**What is required**
When writing out the entries below, keep only the lines from the line with "Cage Neck Lace" to the line with "Group of diverse", both included, exactly as they are, and leave the pictures aside.

**Materials provided**
+ + + + +

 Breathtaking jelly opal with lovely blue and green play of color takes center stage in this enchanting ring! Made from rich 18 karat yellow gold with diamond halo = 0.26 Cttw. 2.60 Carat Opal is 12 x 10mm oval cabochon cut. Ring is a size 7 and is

+ + + + +

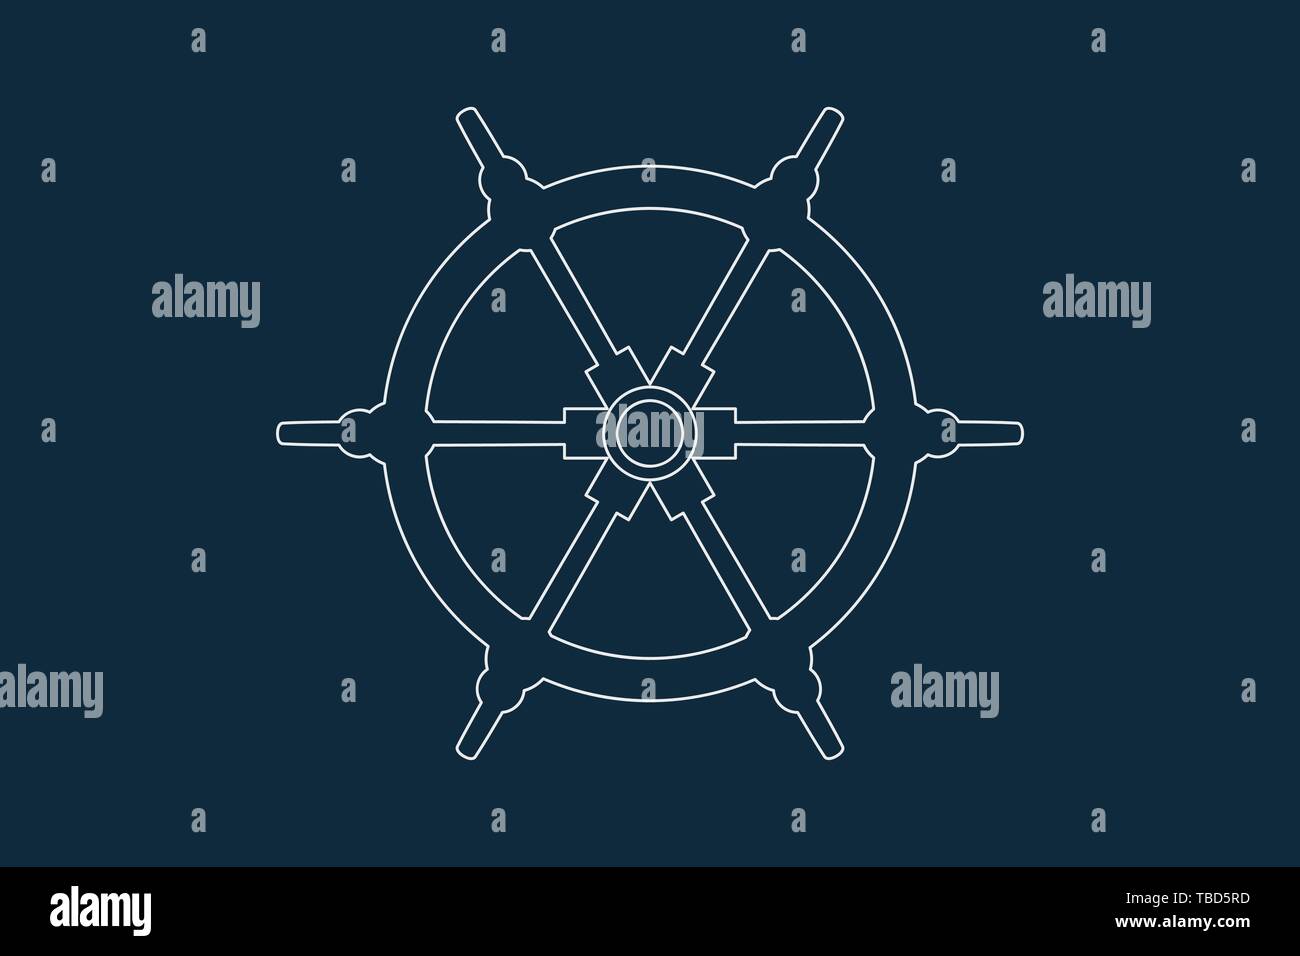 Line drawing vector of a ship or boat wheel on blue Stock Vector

+ + + + +

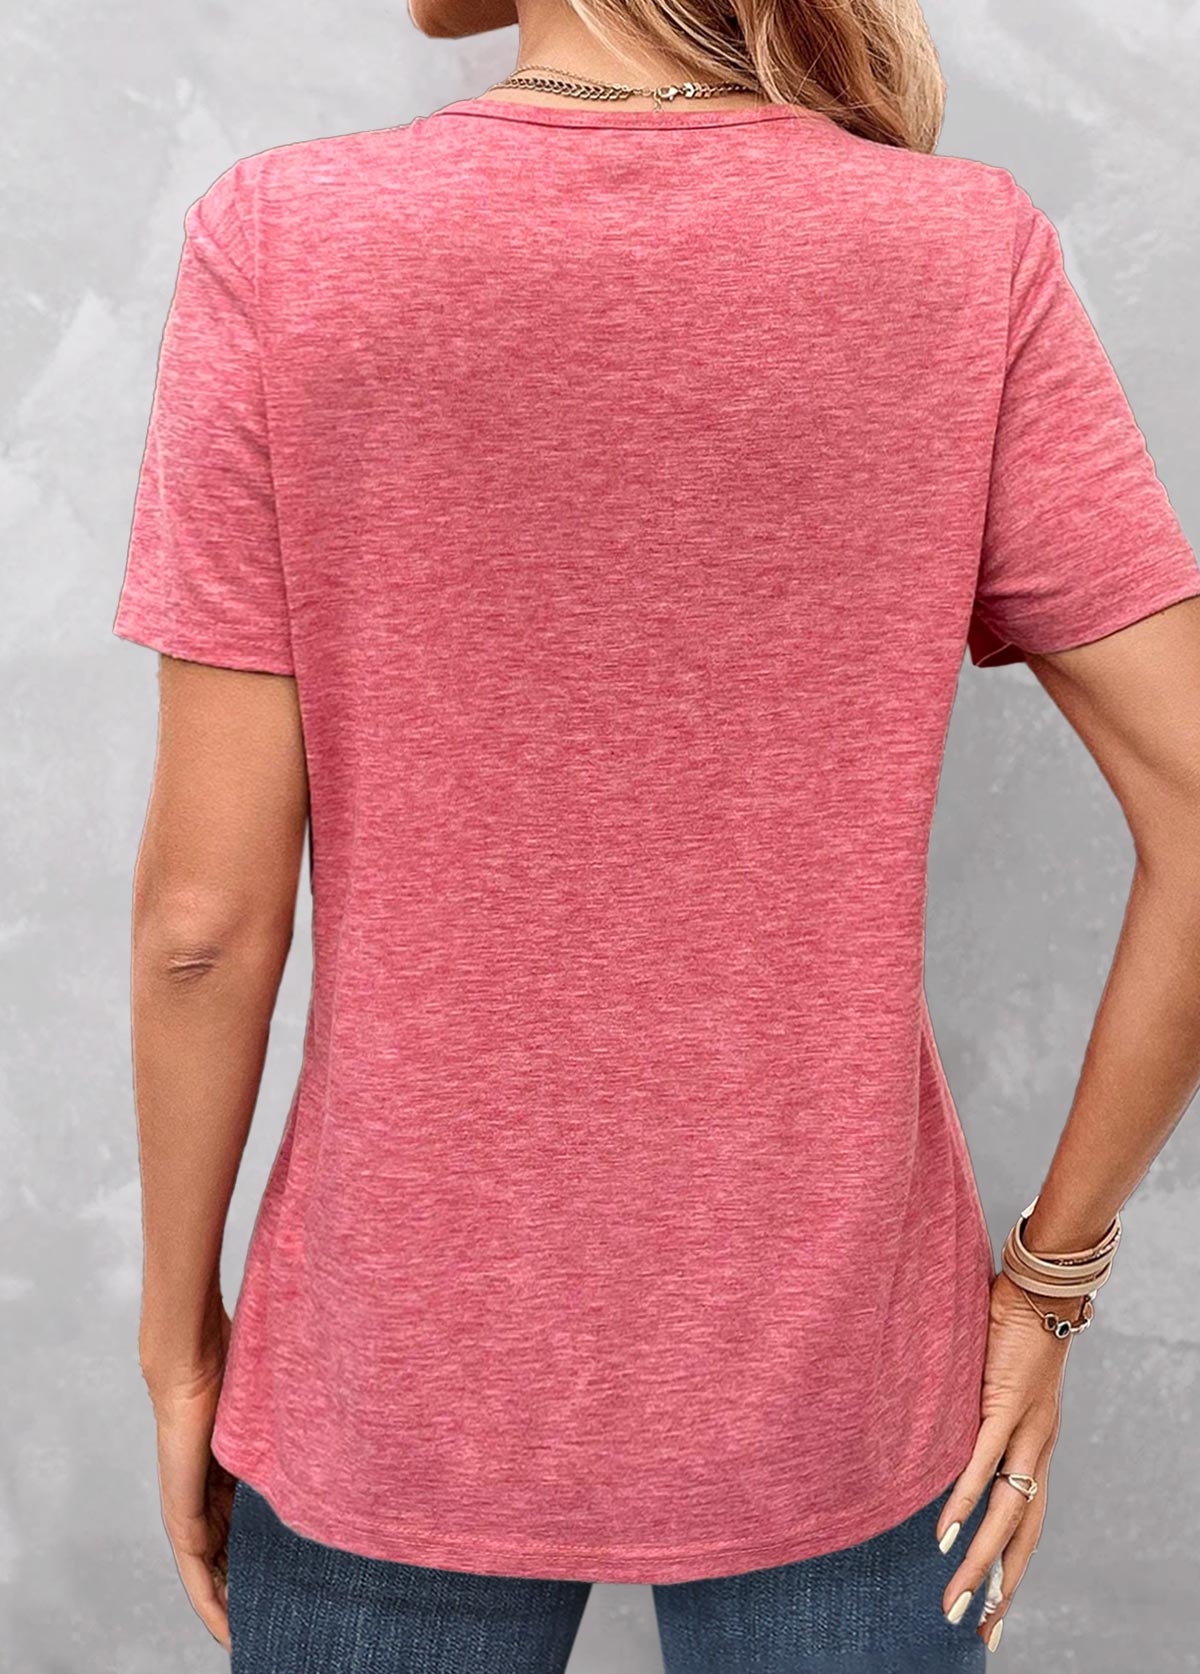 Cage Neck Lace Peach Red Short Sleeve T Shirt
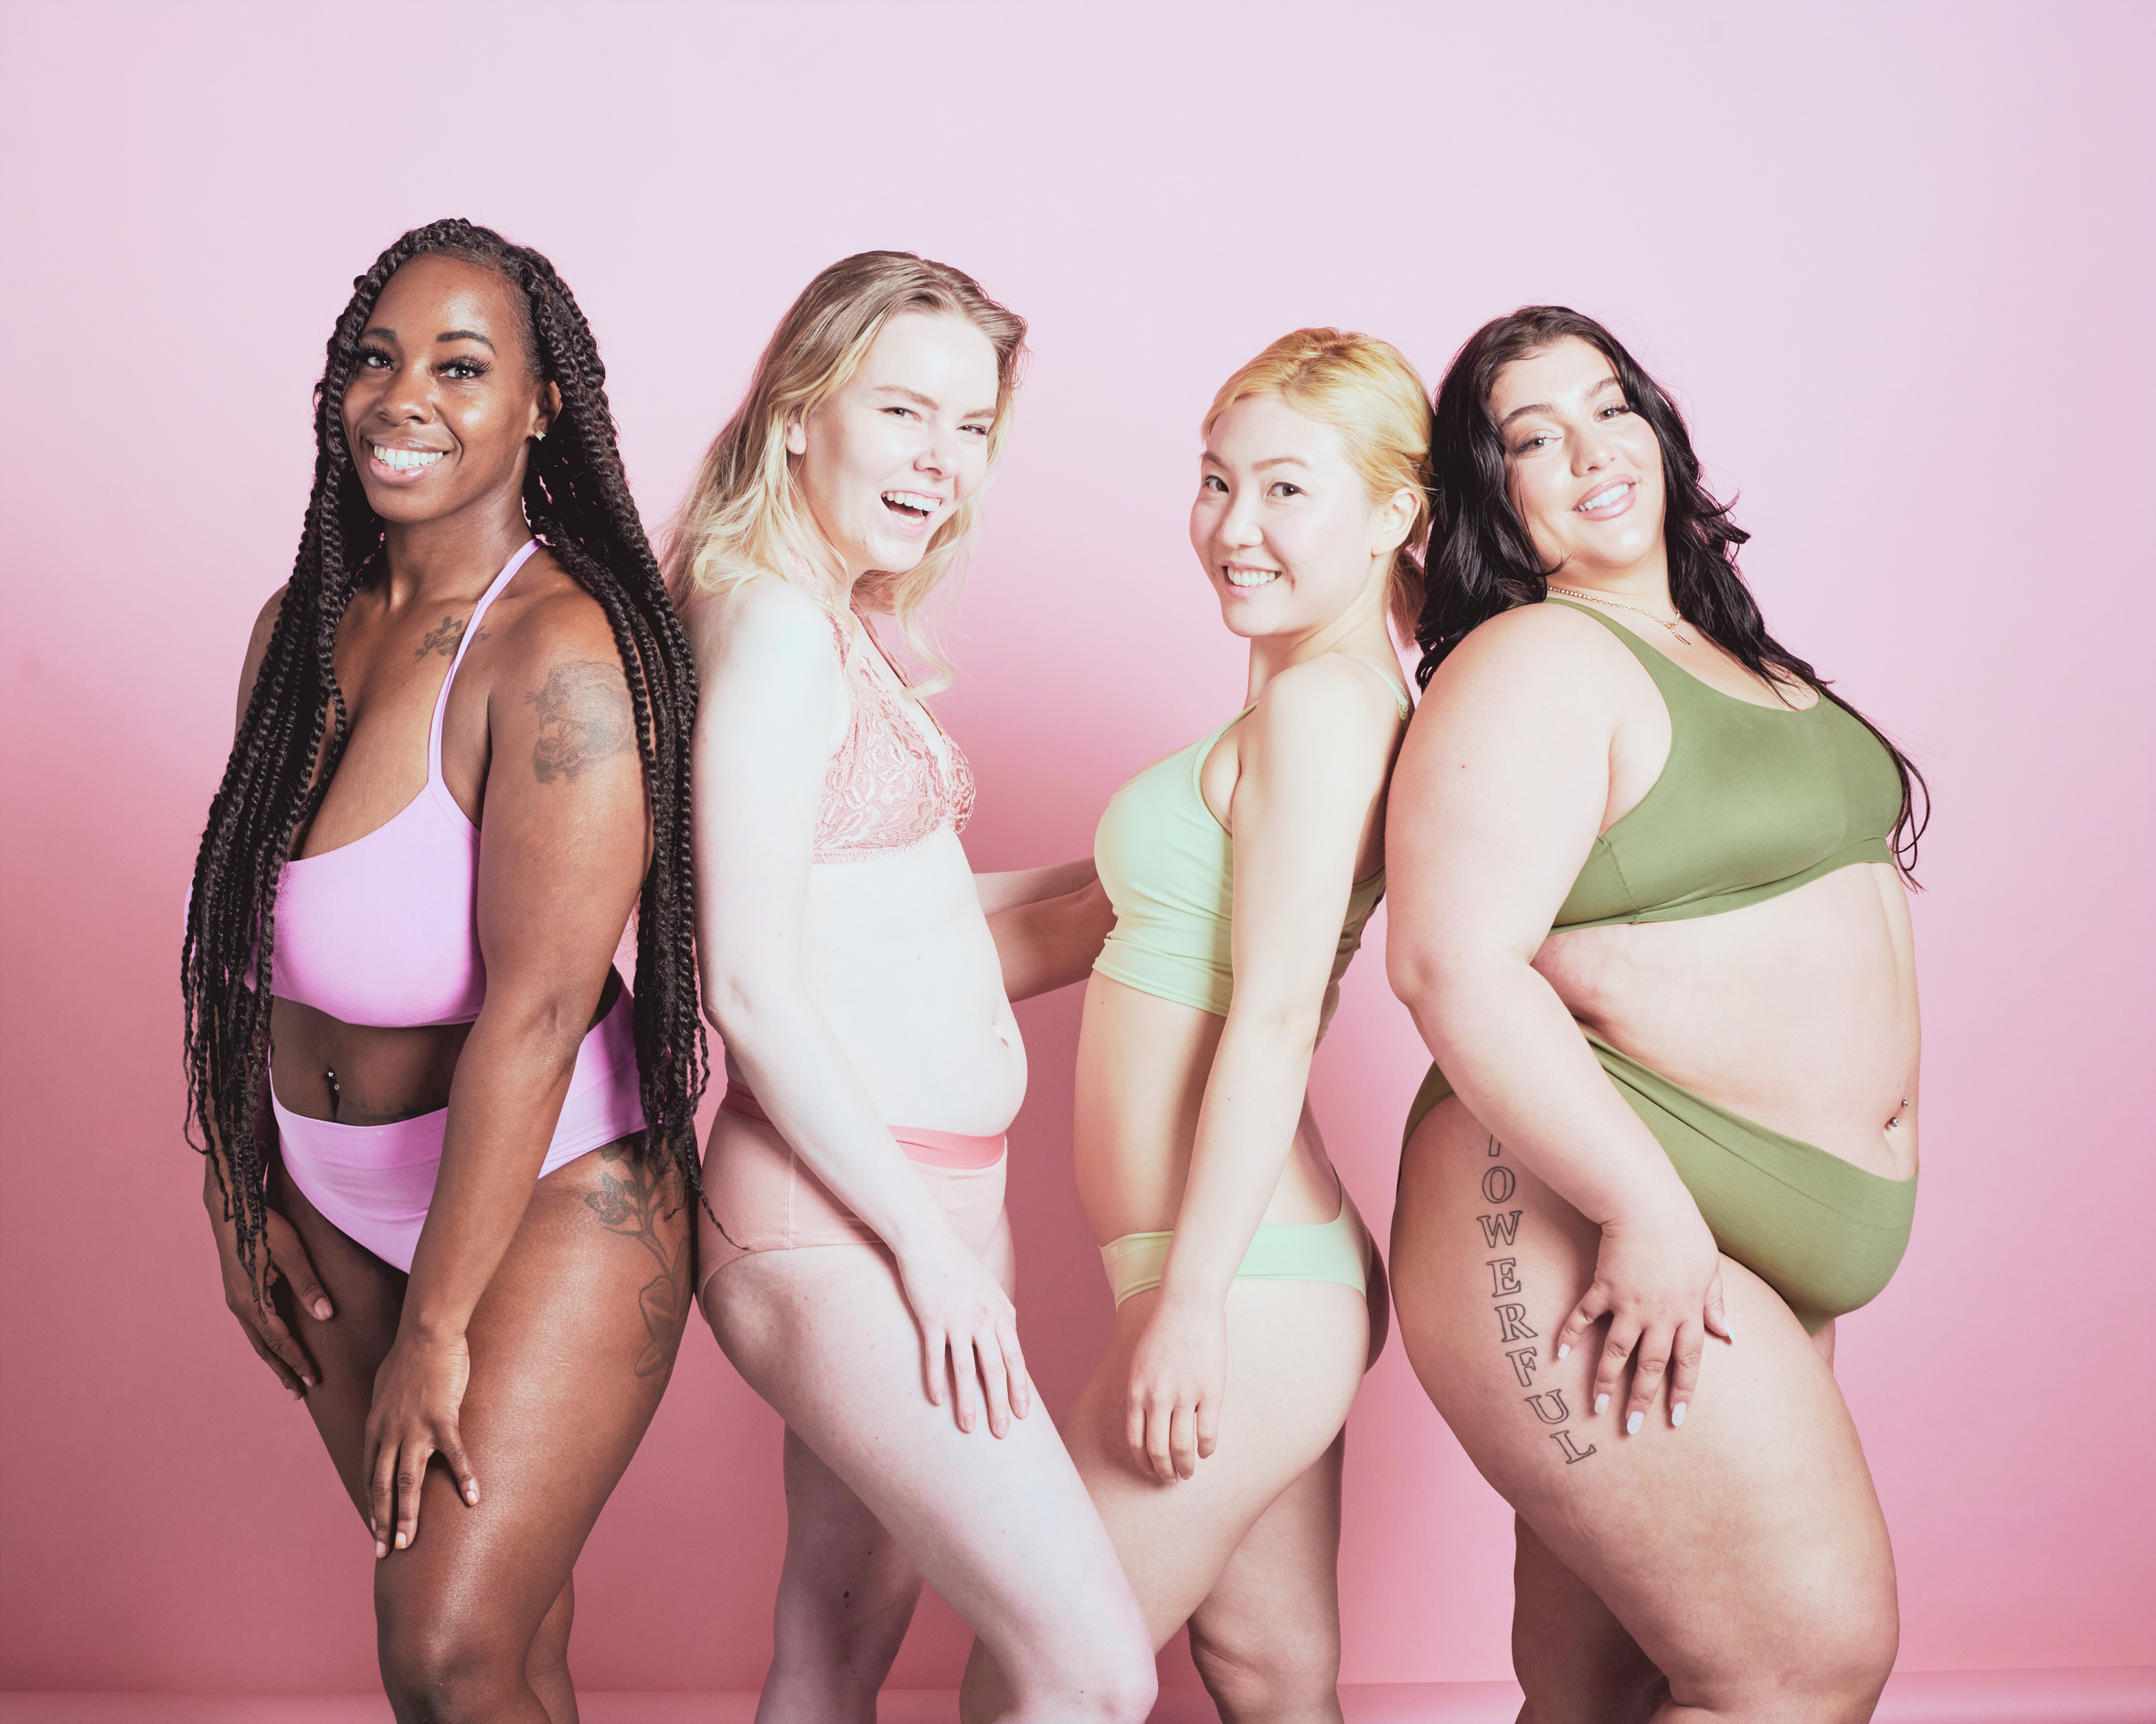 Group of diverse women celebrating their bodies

+ + + + +

**Output of the task**
 Cage Neck Lace Peach Red Short Sleeve T Shirt
 Group of diverse women celebrating their bodies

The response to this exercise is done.